The Berkeley Drosophila Genome Project got under way in the 1990s. This included not only the sequencing of the genome but projects (still under way) to characterize all the transcription units, and to obtain expression patterns and insertional mutations for them all. The biotechnology and pharmaceutical industries began to pay attention to the fly as means to ectopically express human disease (and other) genes in the compound eye led to new ways to model human disease—and search for human disease genes. When the genome sequence was published in March 2000, it really seemed like the fly was reaching some enormous crescendo. The number of papers on Drosophila (from MedLine searches) is a geometrically rising curve. It now seems that human genes become interesting when someone finds a fly homolog—rather than the other way around. One can project current trends and estimate when the study of Drosophila will consume every dollar spent on science worldwide and occupy every page of every journal. At that point the field must surely collapse and that date is, of course, about five years hence.

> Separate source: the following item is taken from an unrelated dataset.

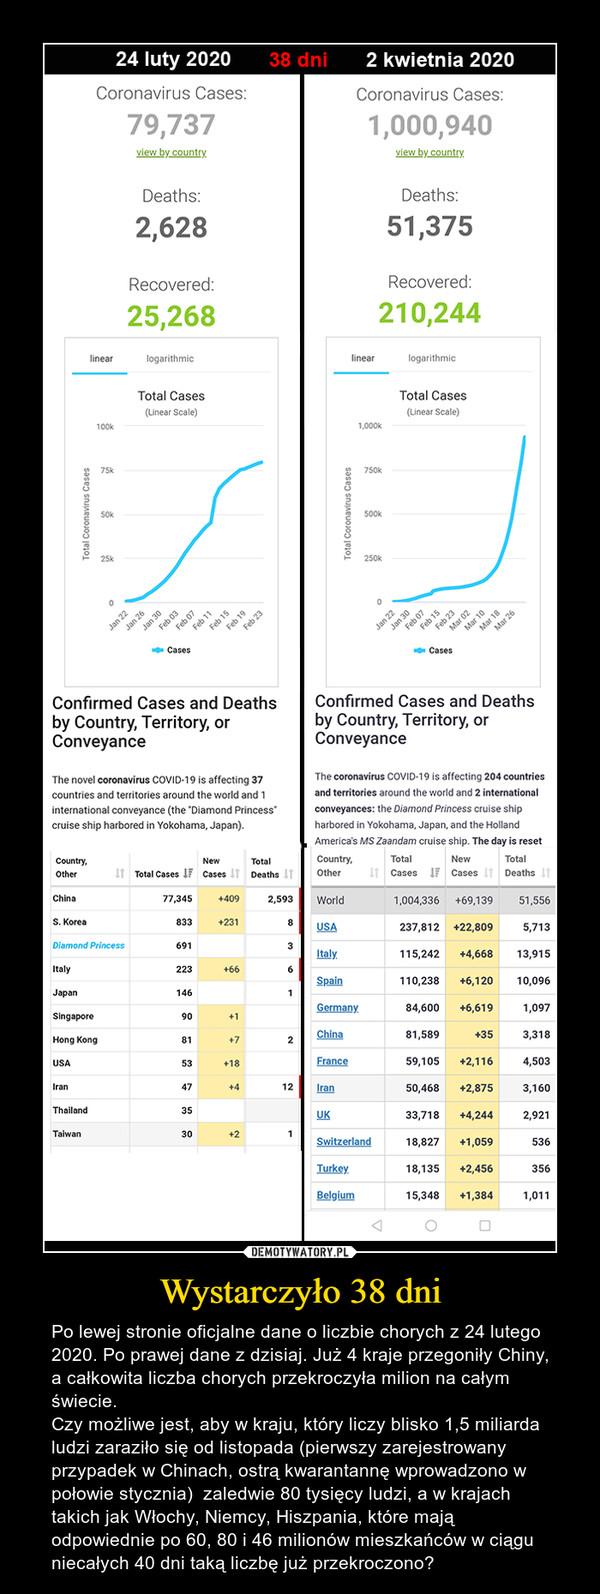 Wystarczyło 38 dni – Po lewej stronie oficjalne dane o liczbie chorych z 24 lutego 2020. Po prawej dane z dzisiaj. Już 4 kraje przegoniły Chiny, a całkowita liczba chorych przekroczyła milion na całym świecie. Czy możliwe jest, aby w kraju, który liczy blisko 1,5 miliarda ludzi zaraziło się od listopada (pierwszy zarejestrowany przypadek w Chinach, ostrą kwarantannę wprowadzono w połowie stycznia)  zaledwie 80 tysięcy ludzi, a w krajach takich jak Włochy, Niemcy, Hiszpania, które mają odpowiednie po 60, 80 i 46 milionów mieszkańców w ciągu niecałych 40 dni taką liczbę już przekroczono?
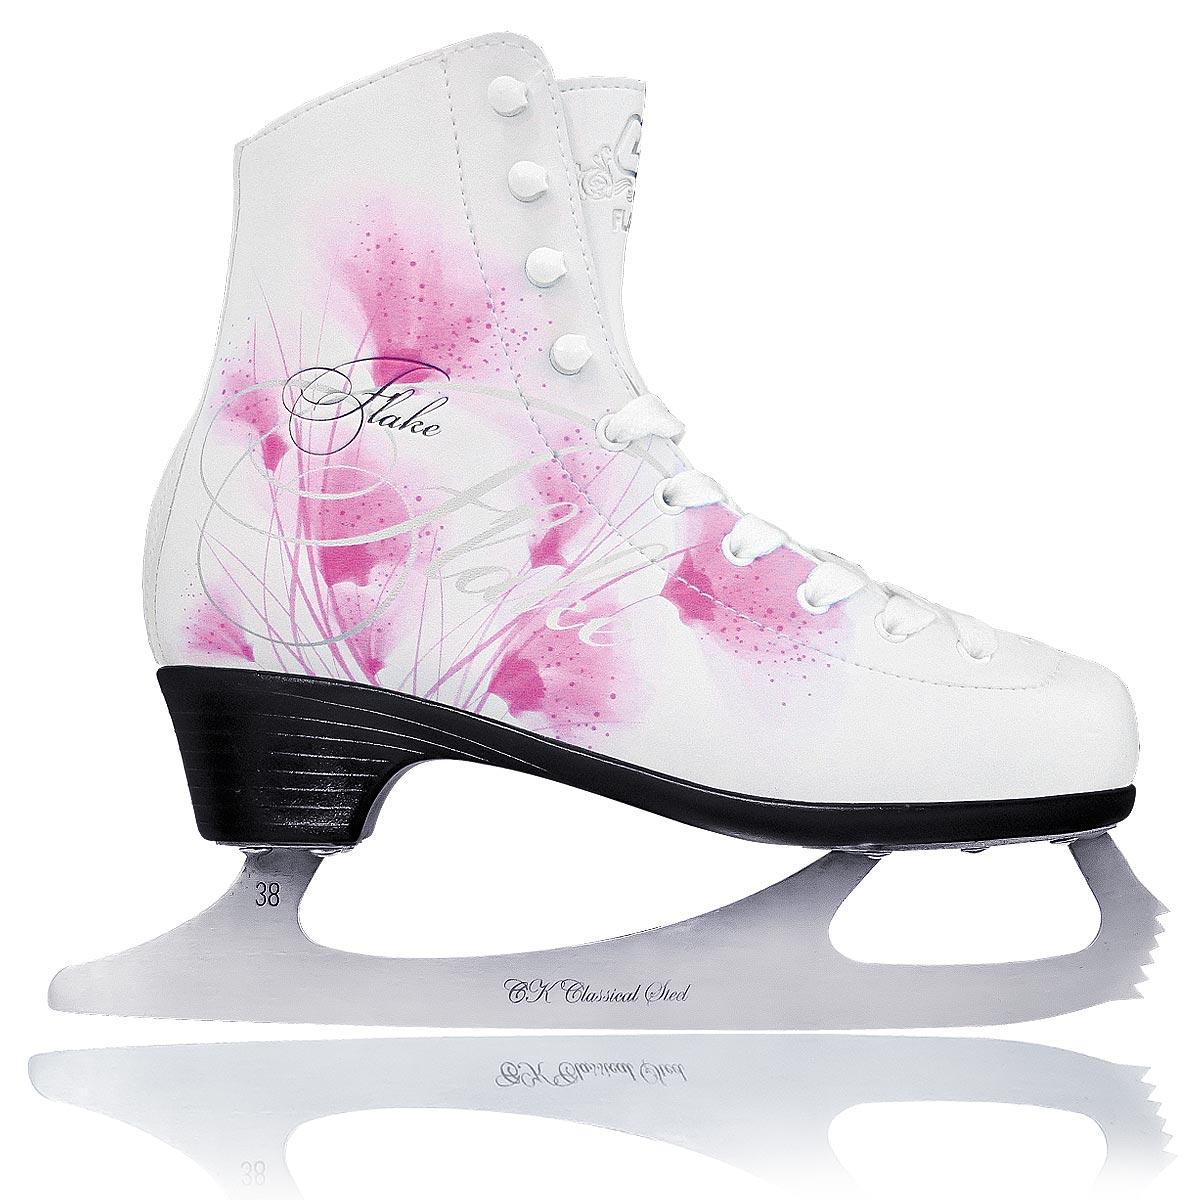 Коньки фигурные для девочки Flake LeatherFLAKE leatherДетские фигурные коньки для девочки от CK Flake Leather идеально подойдут для любительского катания. Модель выполнена из современной морозоустойчивой искусственной кожи с высокой, плотной колодкой и усиленным задником, обеспечивающим боковую поддержку ноги. Внутренняя поверхность исполнена из натуральной прессованной кожи, отлично облегающей ногу, а стелька - из текстиля, обеспечивающая уют и комфорт во время катания. На языке и заднике коньки дополнены тиснением в виде логотипа бренда, а сбоку - ярким красочным изображением цветов и оригинальным принтом. Подошва - из твердого пластика. Лезвие из нержавеющей стали со специальным покрытием, придающим дополнительную прочность, обеспечит превосходное скольжение. Особенность данной модели заключается в поддержке голеностопа и в том, что каблук визуально сливается с основной подошвой, придавая коньку изящный вид и современный дизайн. Оригинальные коньки придутся по душе вашему ребенку.

Martin Brookes perspective is somewhat different to mine. He came to the fly from a previous life in the study of ecology and evolution, and thus he places some emphasis on the contributions that have come to that field from Drosophila biology. Brookes has produced an amusing book that should be an easy read for those interested in finding out what all the fuss is about. He nicely connects the “classical” period (i.e., everything pre-cloning) with the astonishing fly-centric world of today. However, the book is not a very clear or comprehensive review of fly biology or technology. That said, it does go down quite smoothly and will help an outside reader understand why so many people are obsessed with flies. I can recommend it to anyone interested in what is going on in genetic science now and how things got this way.

Interestingly, the flyleaf of the book has only two short sentences describing the author, Martin Brookes, the second of which is “He hates flies.” I wonder why?